**Problem details**
For this exercise, an exact copy is needed of only the lines from the one containing "Gucci Flora Gorgeous Magnolia edp 50ml" through the end of the data, with pictures left out.

**Data section**
^^^^

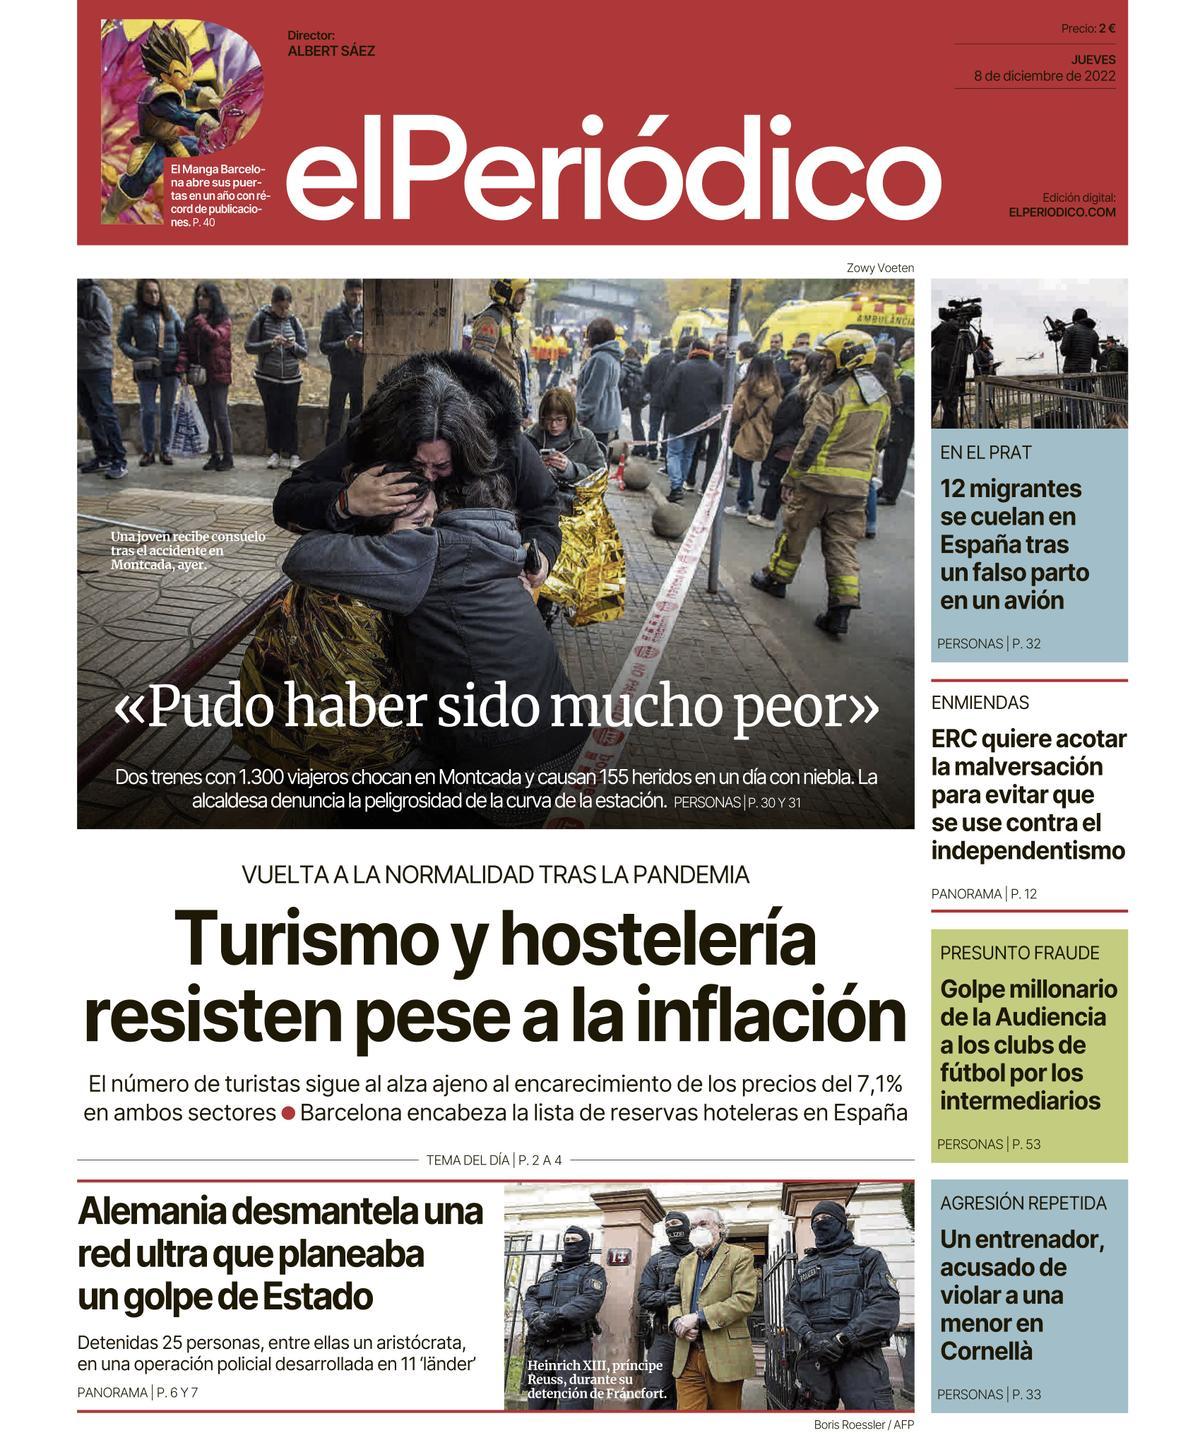 La portada de EL PERIÓDICO del 8 de diciembre de 2022
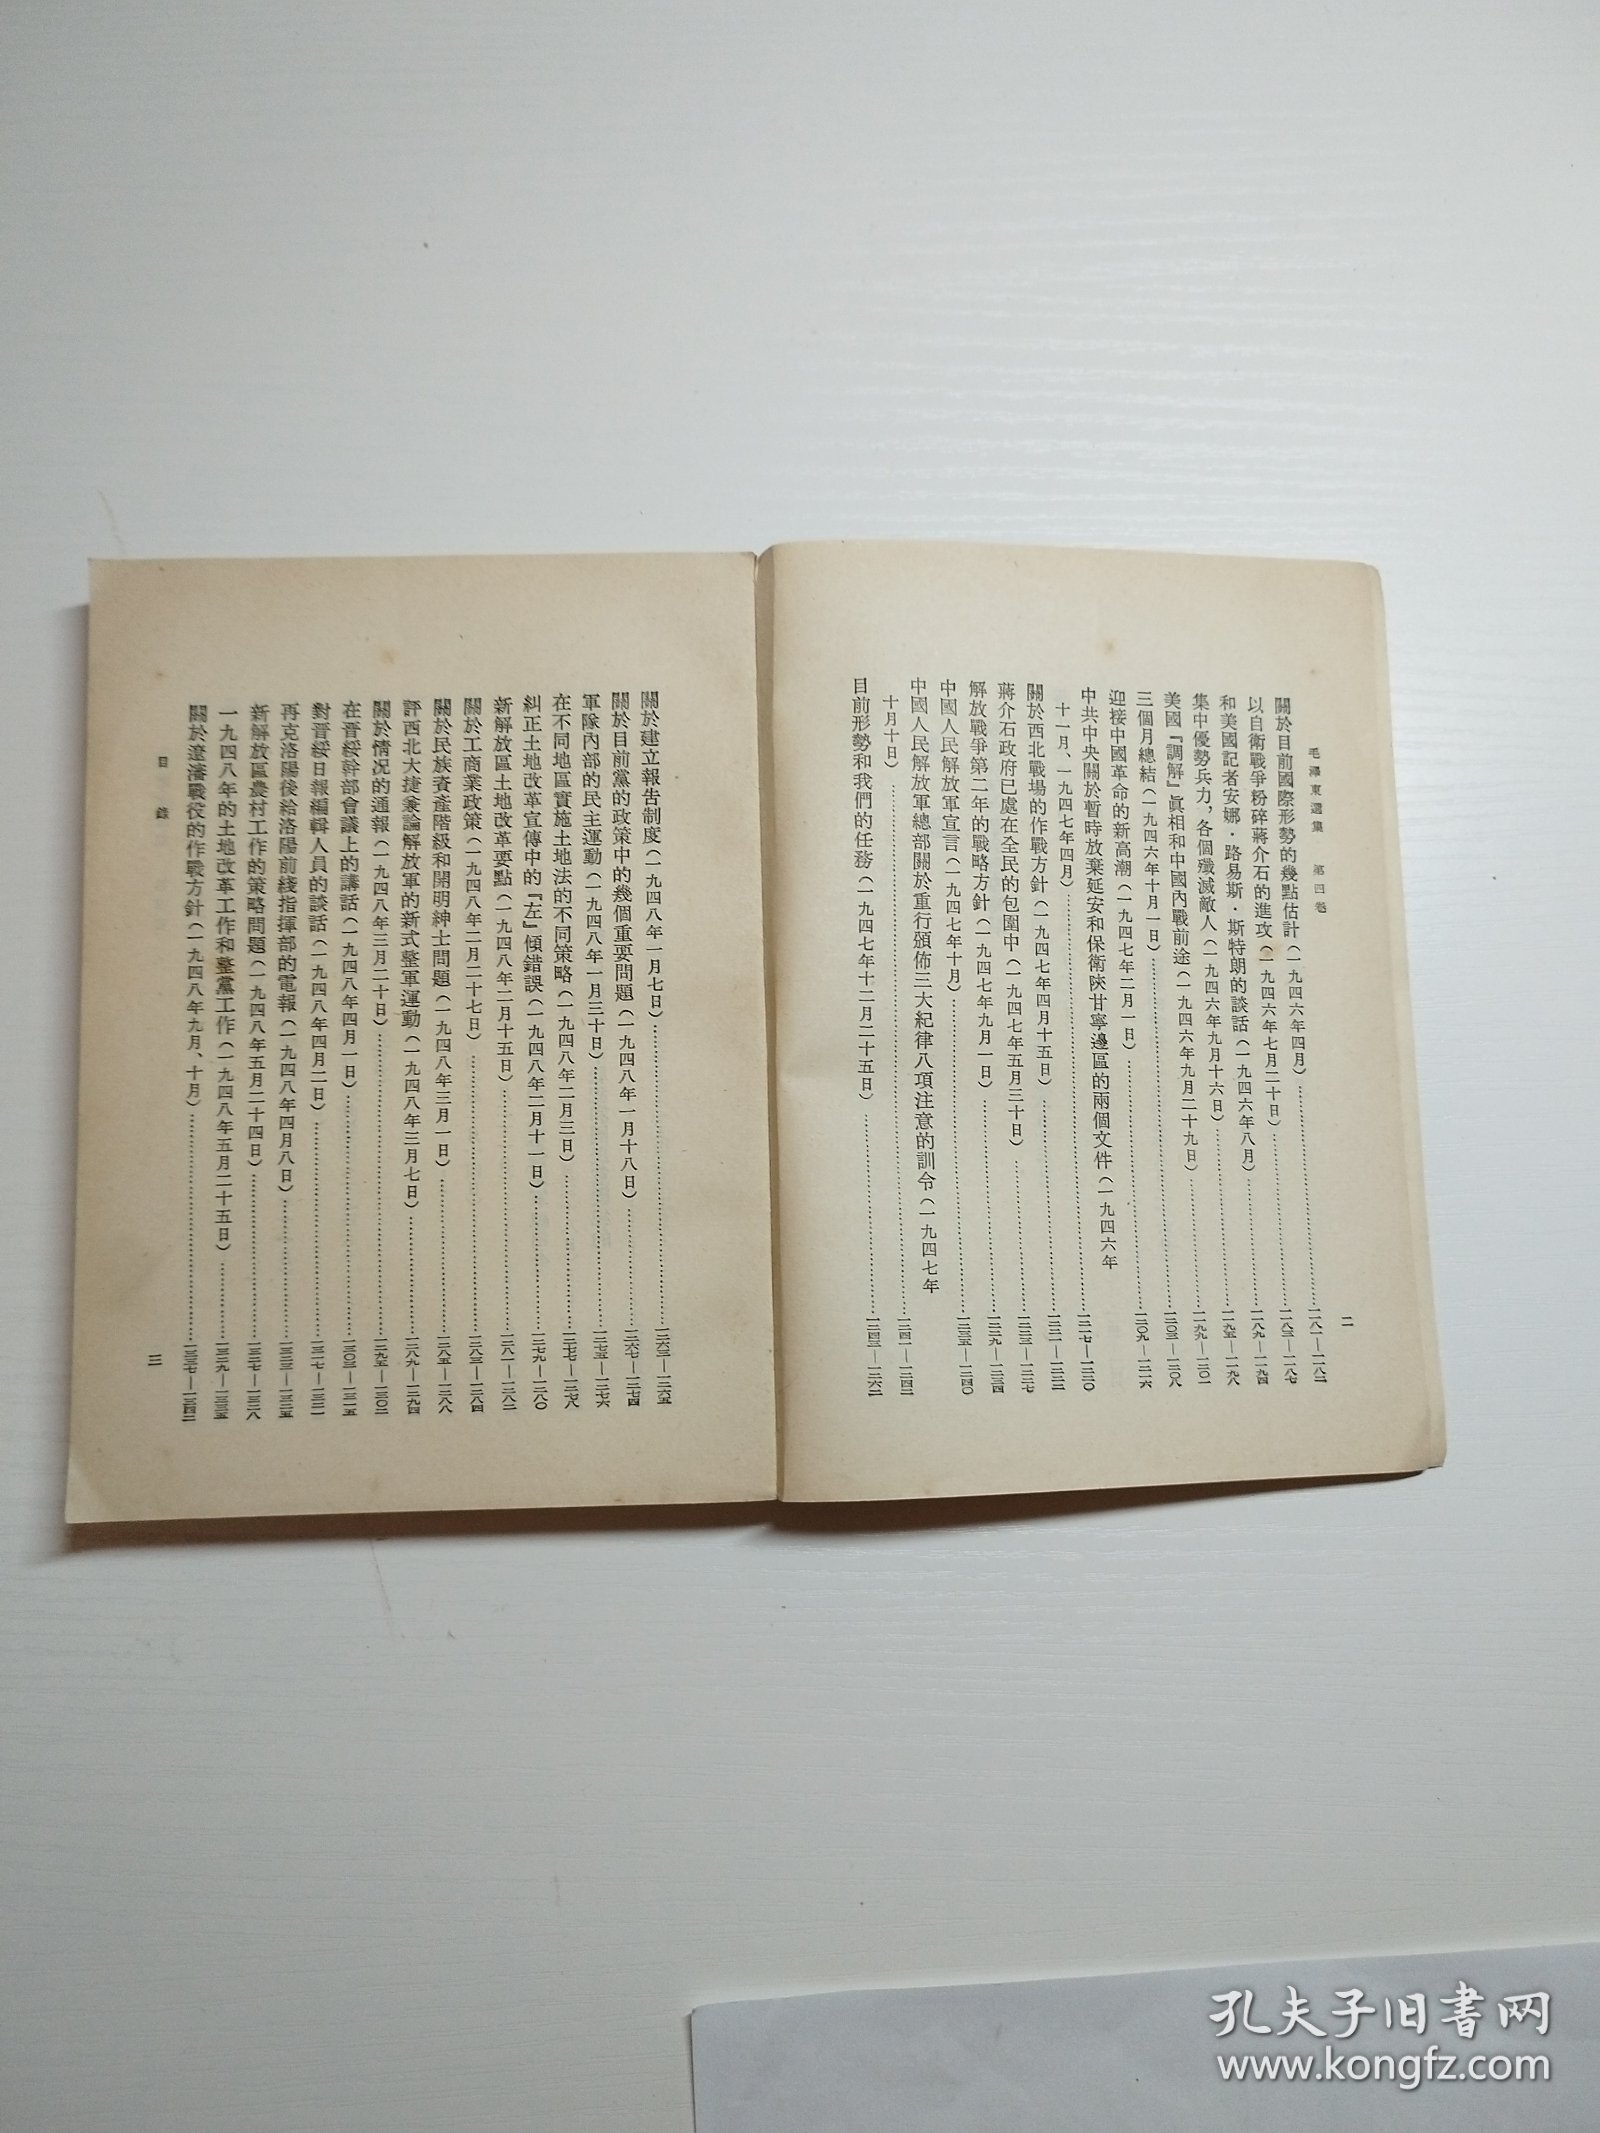 编号2033 毛泽东选集第4卷 白皮繁体 1966年5月上海印刷，全书内页干净，无划线、无写字、无涂改，没有阅读痕迹。封底有字见图 整体品相较佳，凑成套的拍，需要更多细节请私聊
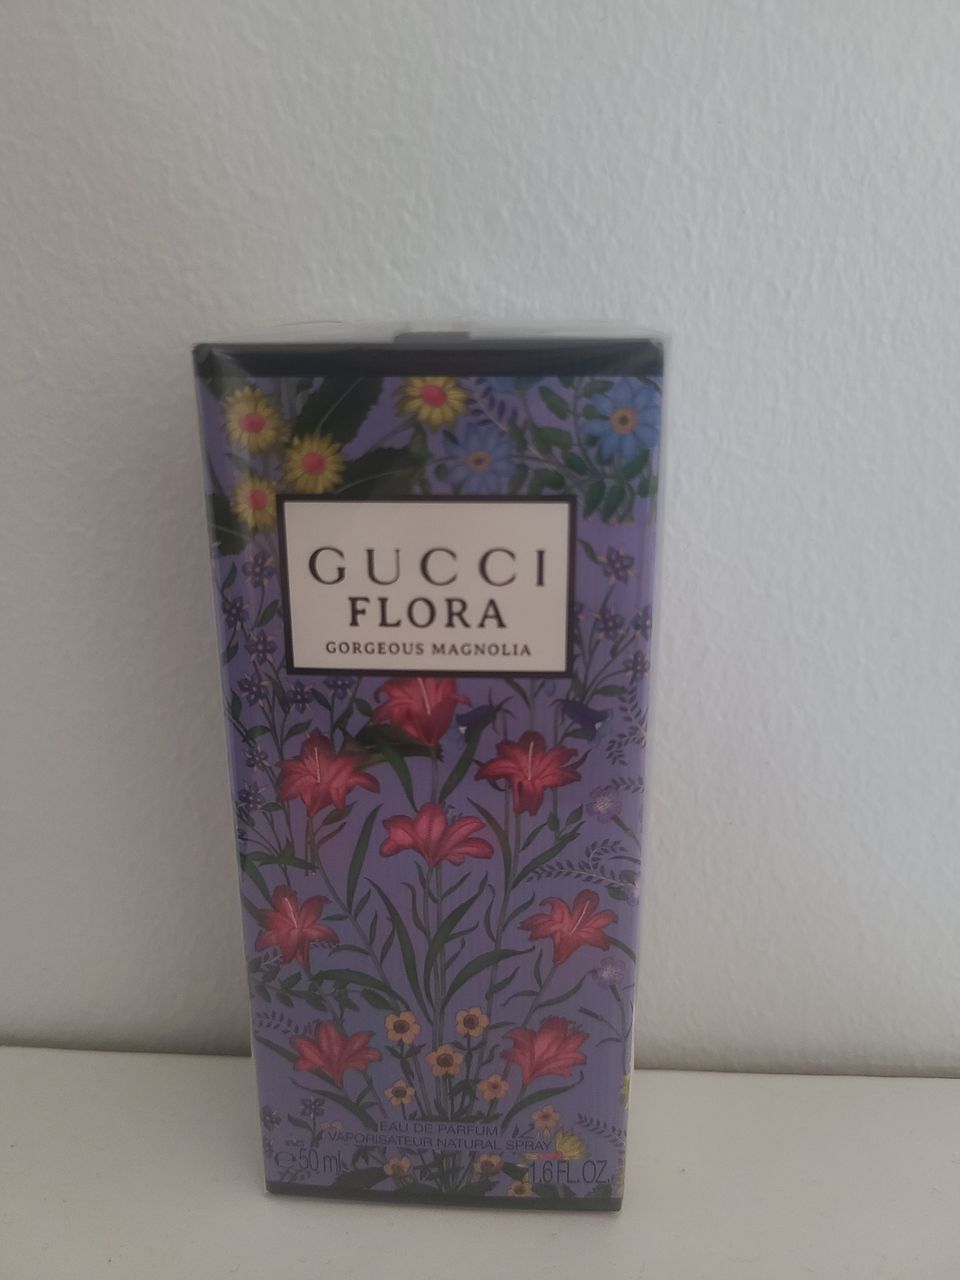 Gucci Flora Gorgeous Magnolia edp 50ml
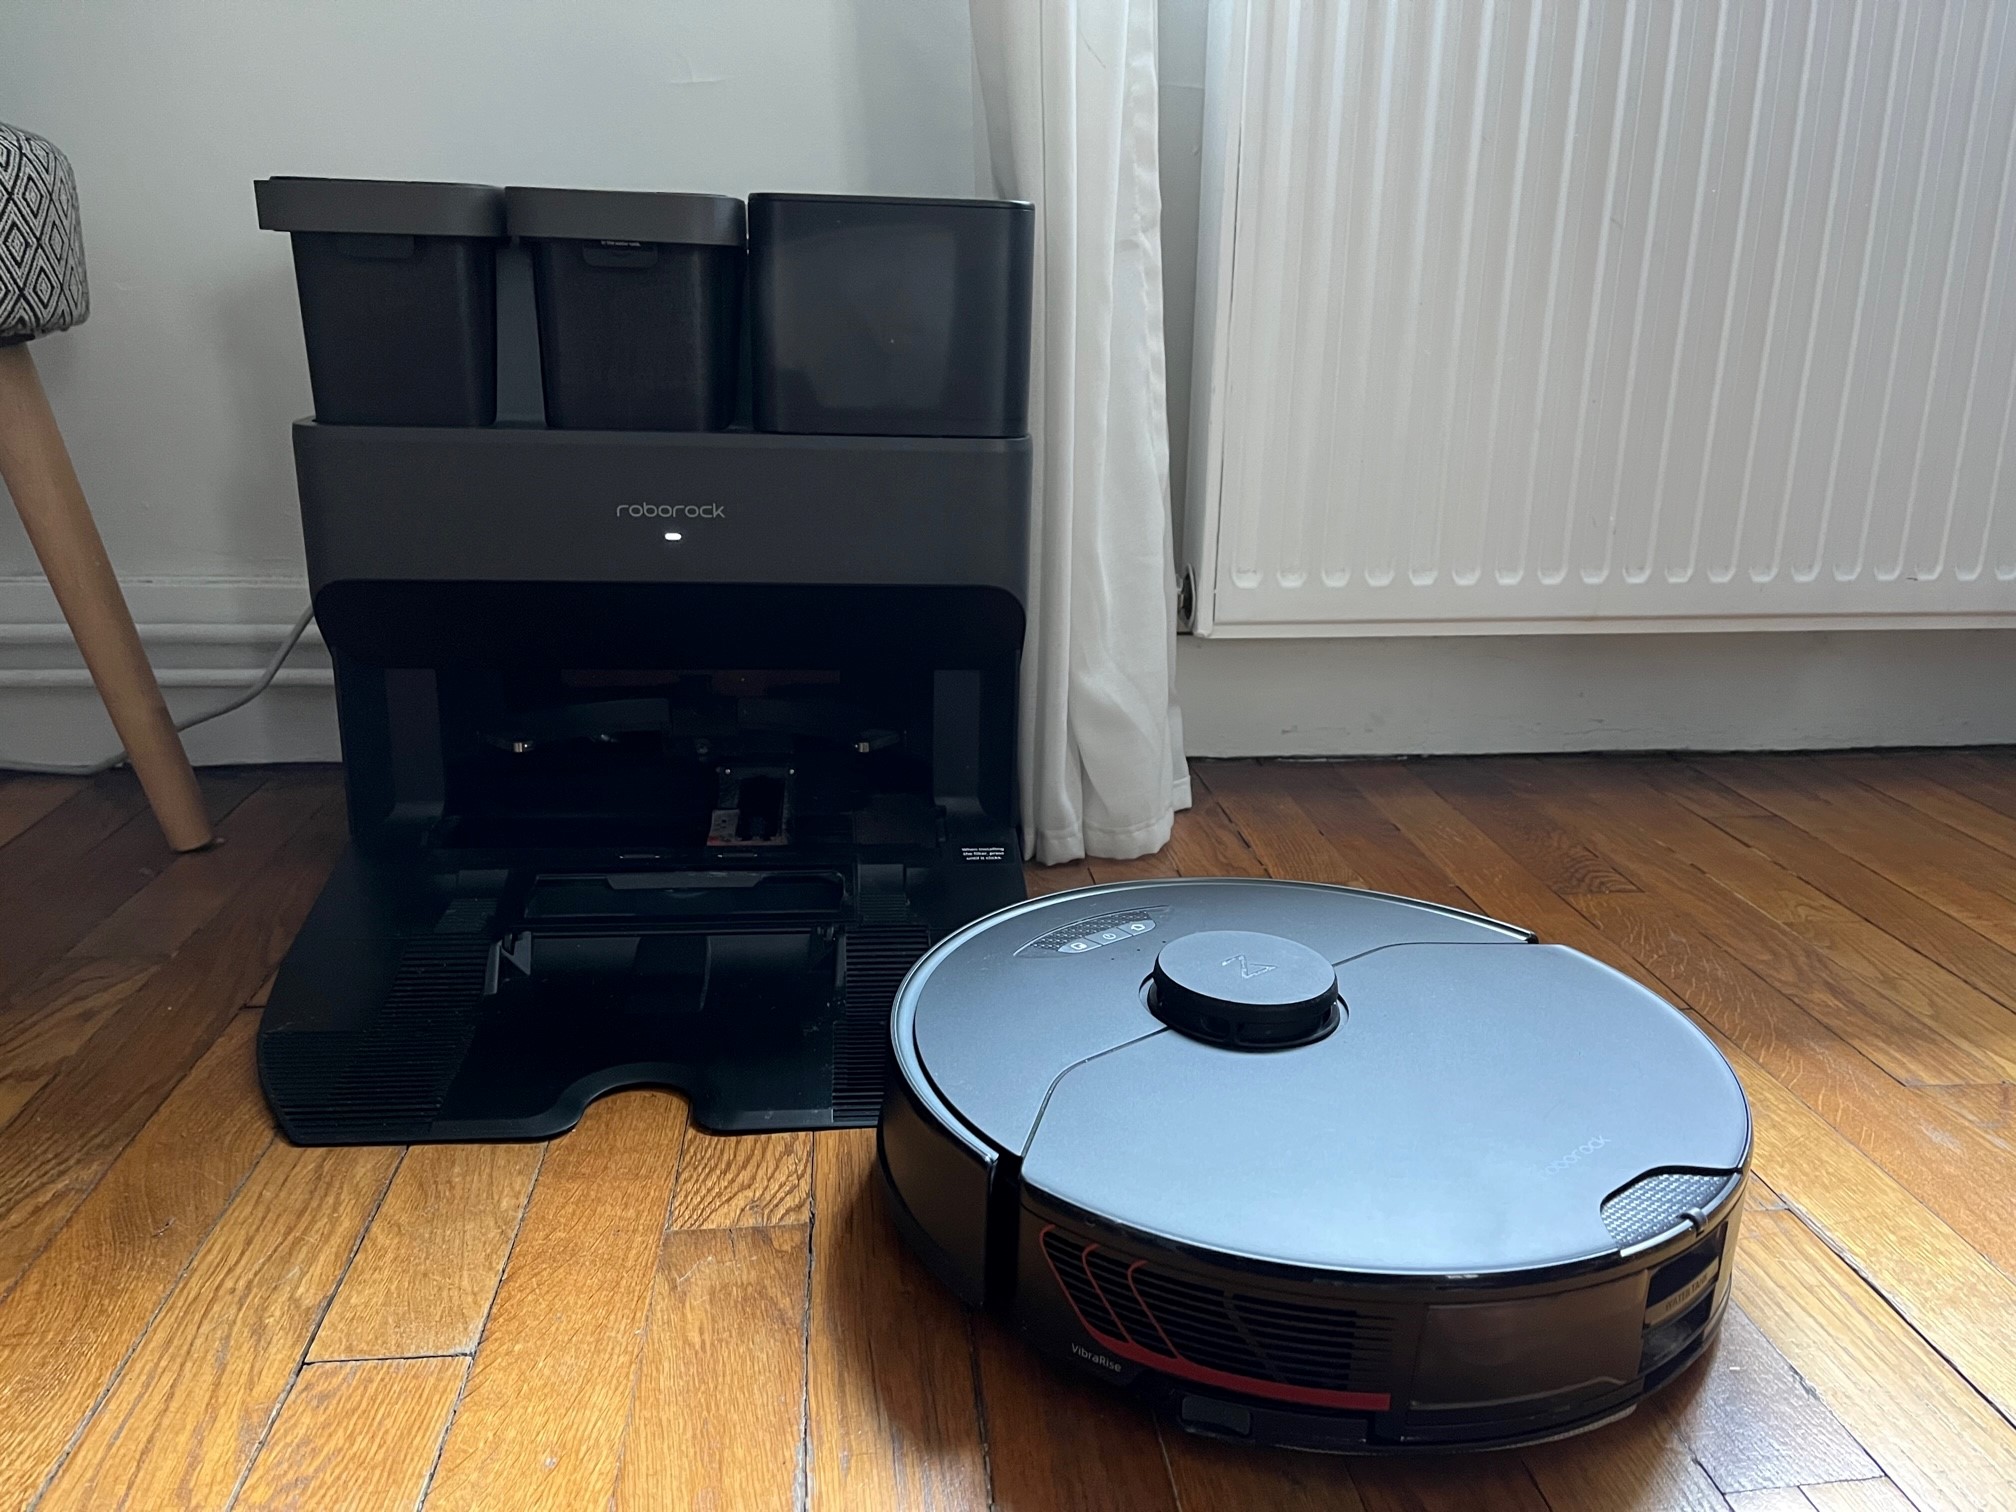 Boulanger fracasse le prix de cet aspirateur laveur iRobot Roomba pour le  black friday - Le Parisien

^^^^

**Reply**
 Gucci Flora Gorgeous Magnolia edp 50ml
 Boulanger fracasse le prix de cet aspirateur laveur iRobot Roomba pour le  black friday - Le Parisien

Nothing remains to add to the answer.